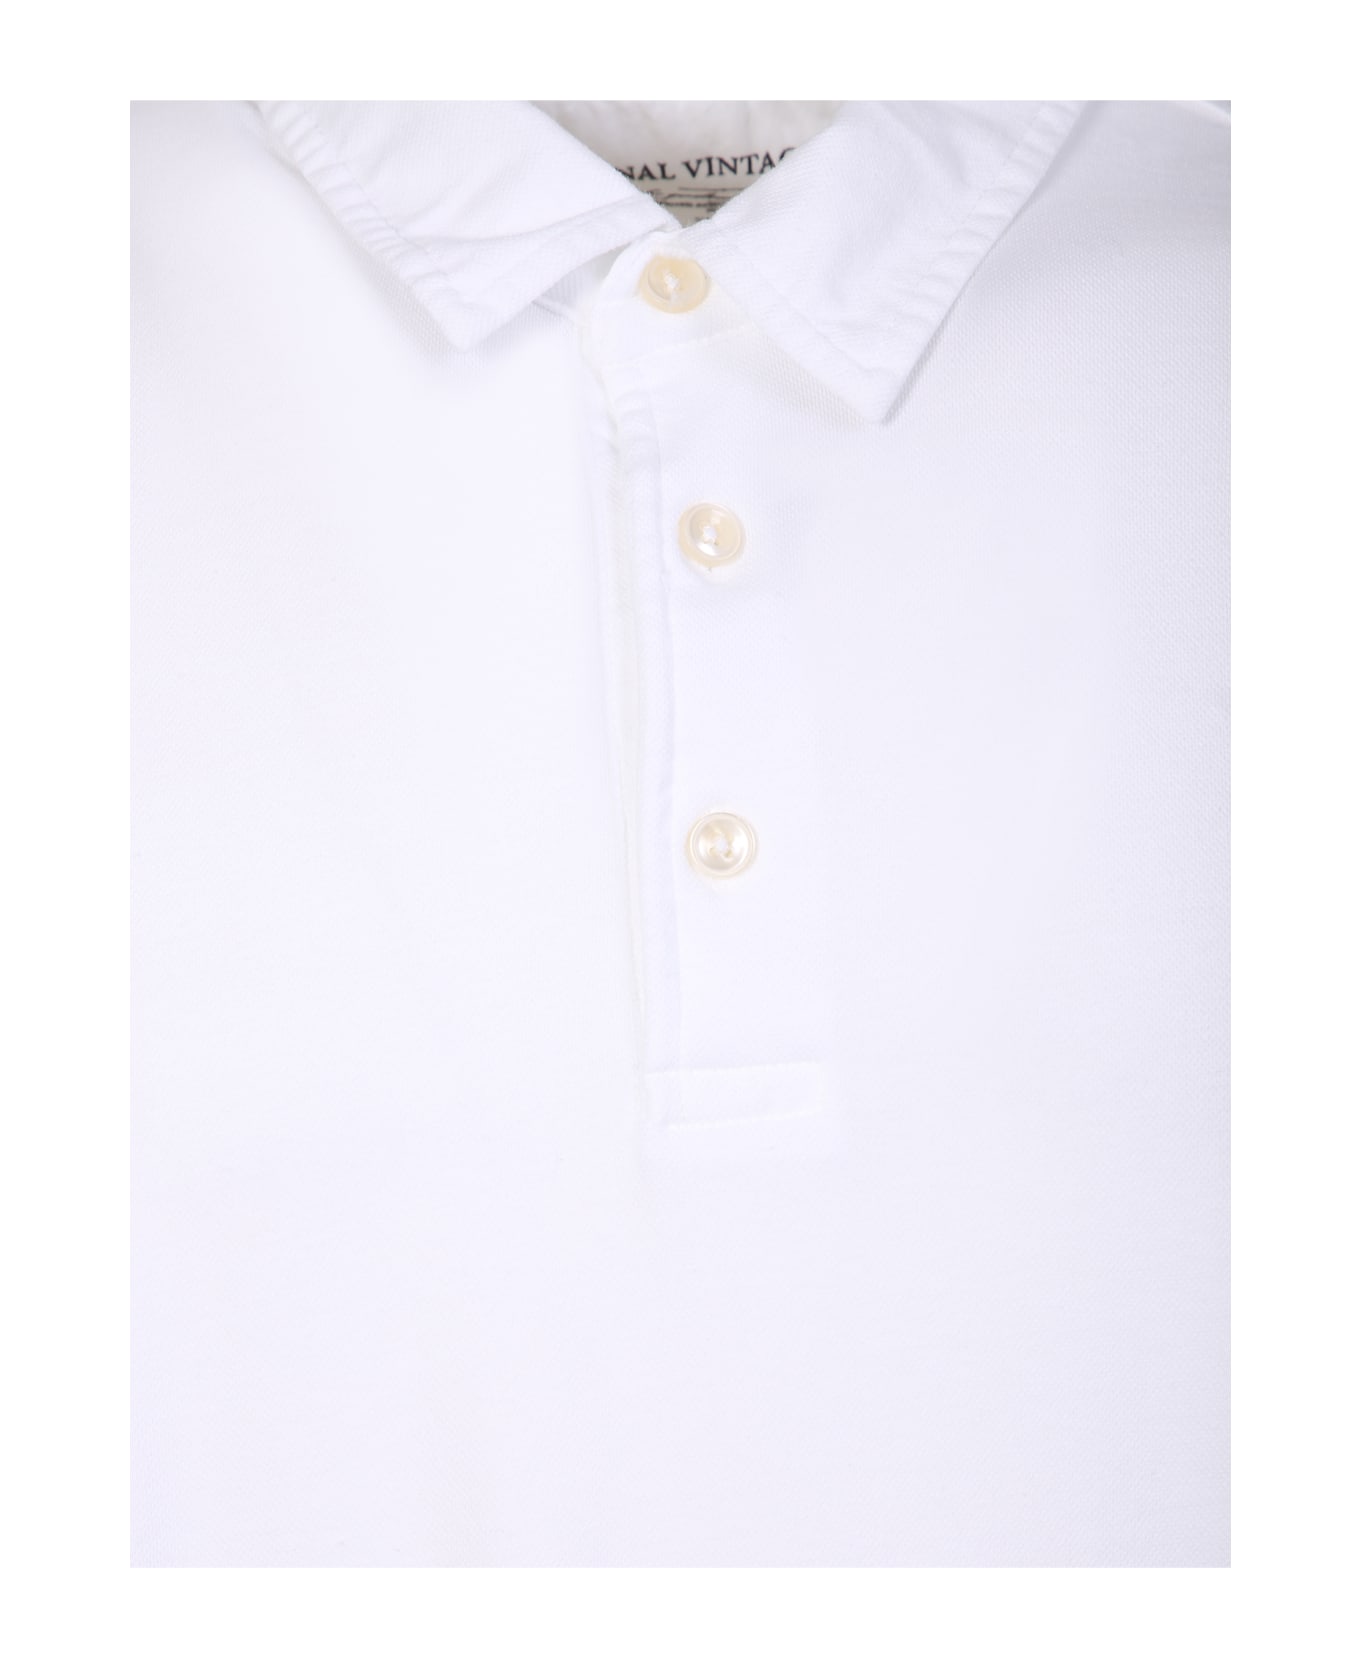 Original Vintage Style White Polo Shirt - White ポロシャツ
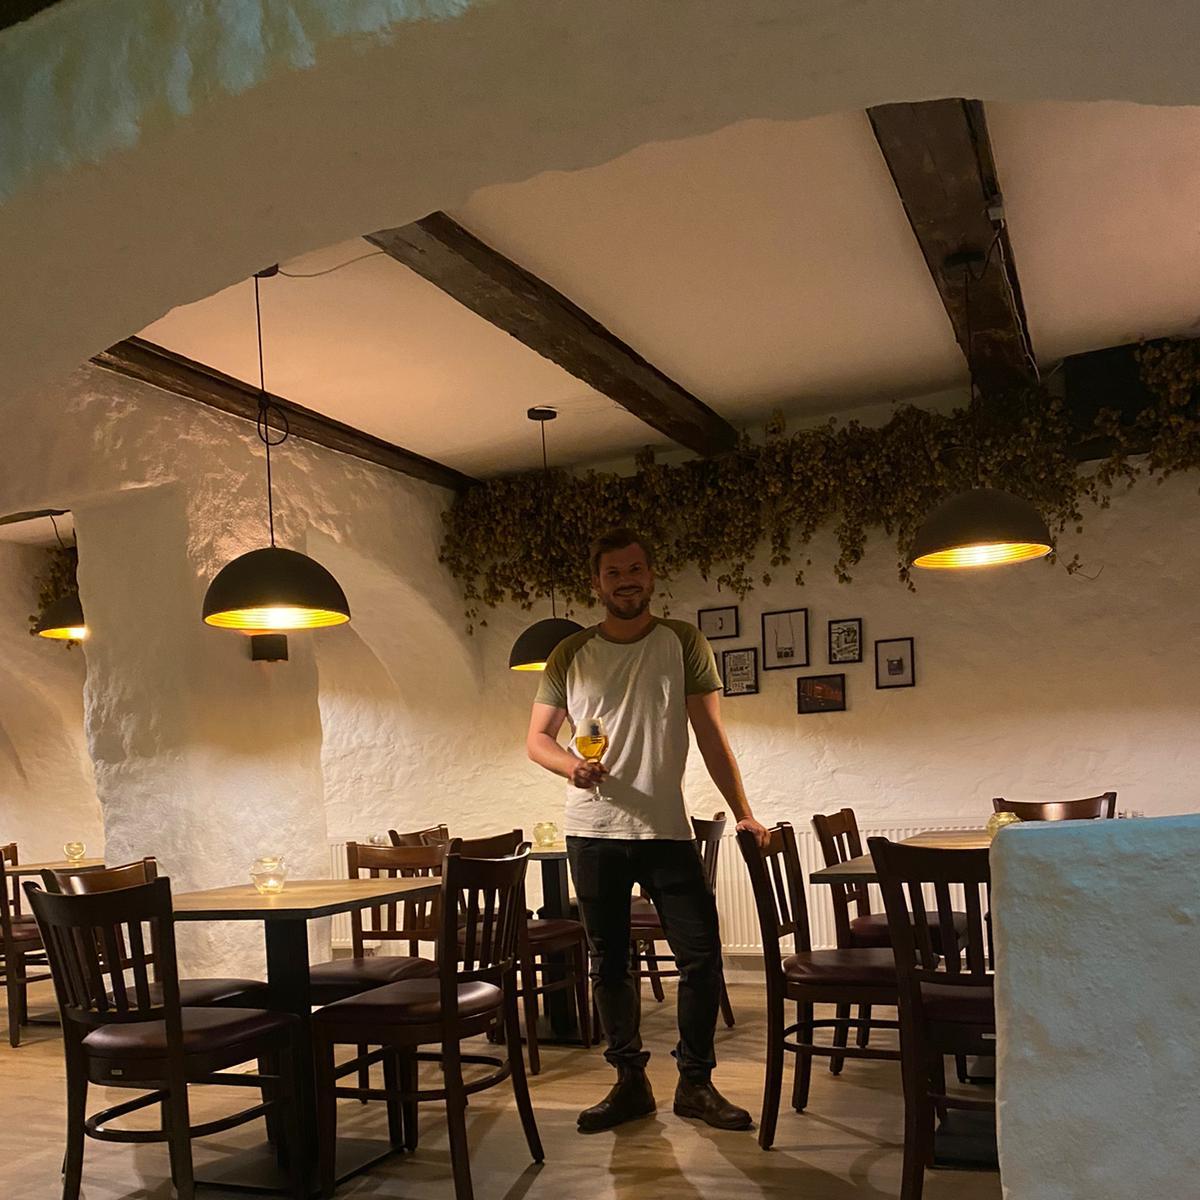 Restaurant "Bar Schlossleitn" in Miesbach
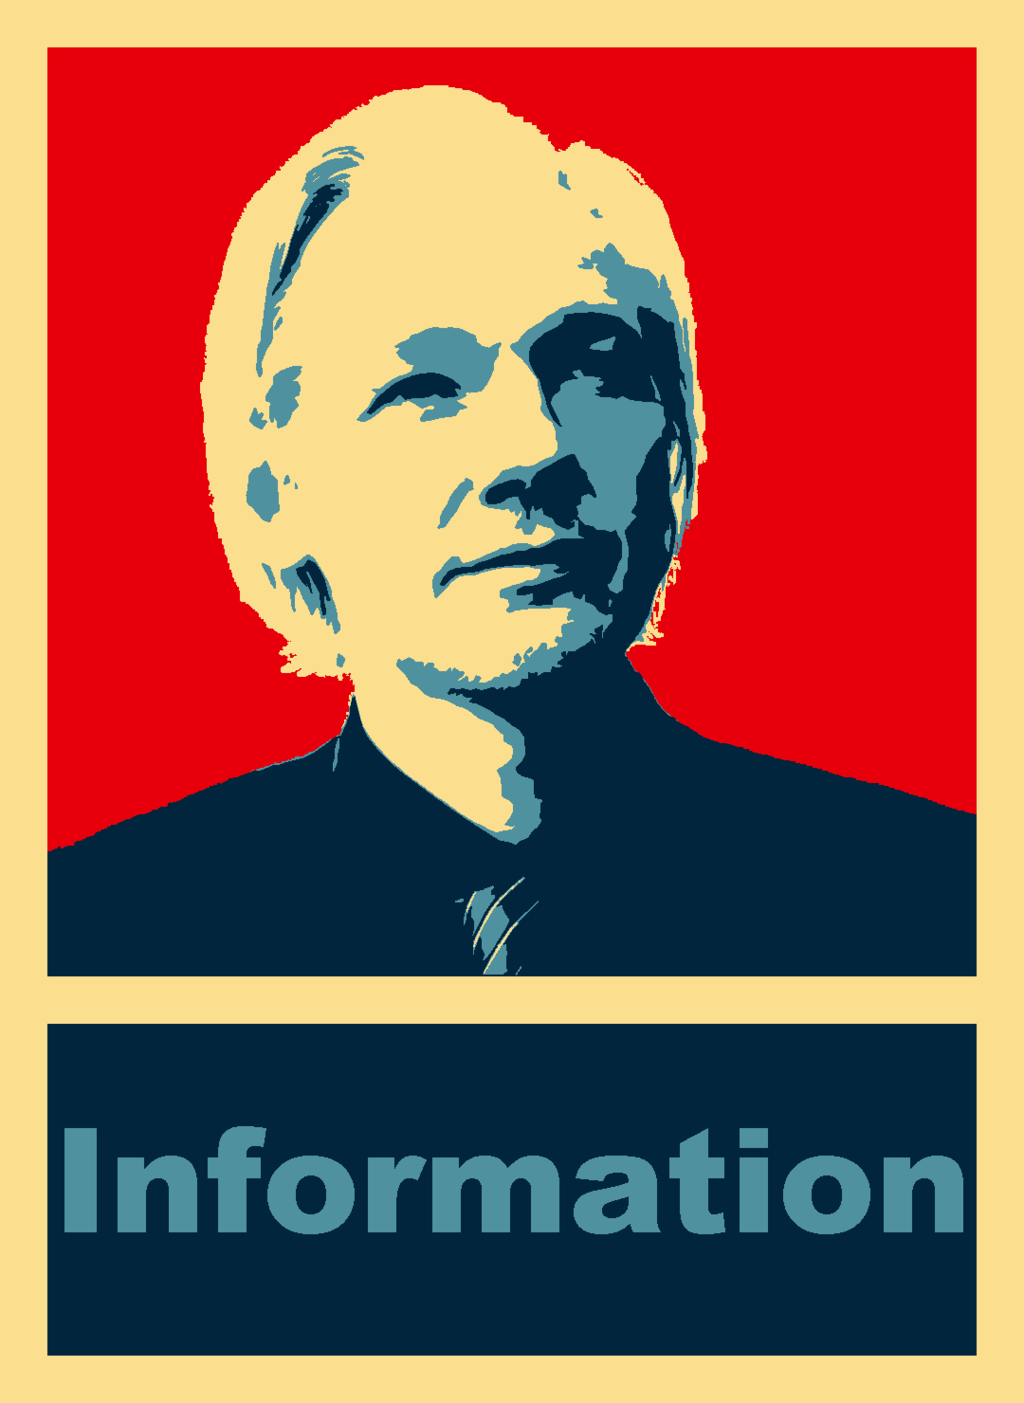 Julian Assange Campaign Poster by Zaros BobTheCat on DeviantArt

Exercise objective
Write out the material exactly as it stands, omitting every picture.

Output for this exercise
 Original Vintage Style White Polo Shirt - White ポロシャツ
 Restaurant "Bar Schlossleitn" in Miesbach
 Julian Assange Campaign Poster by Zaros BobTheCat on DeviantArt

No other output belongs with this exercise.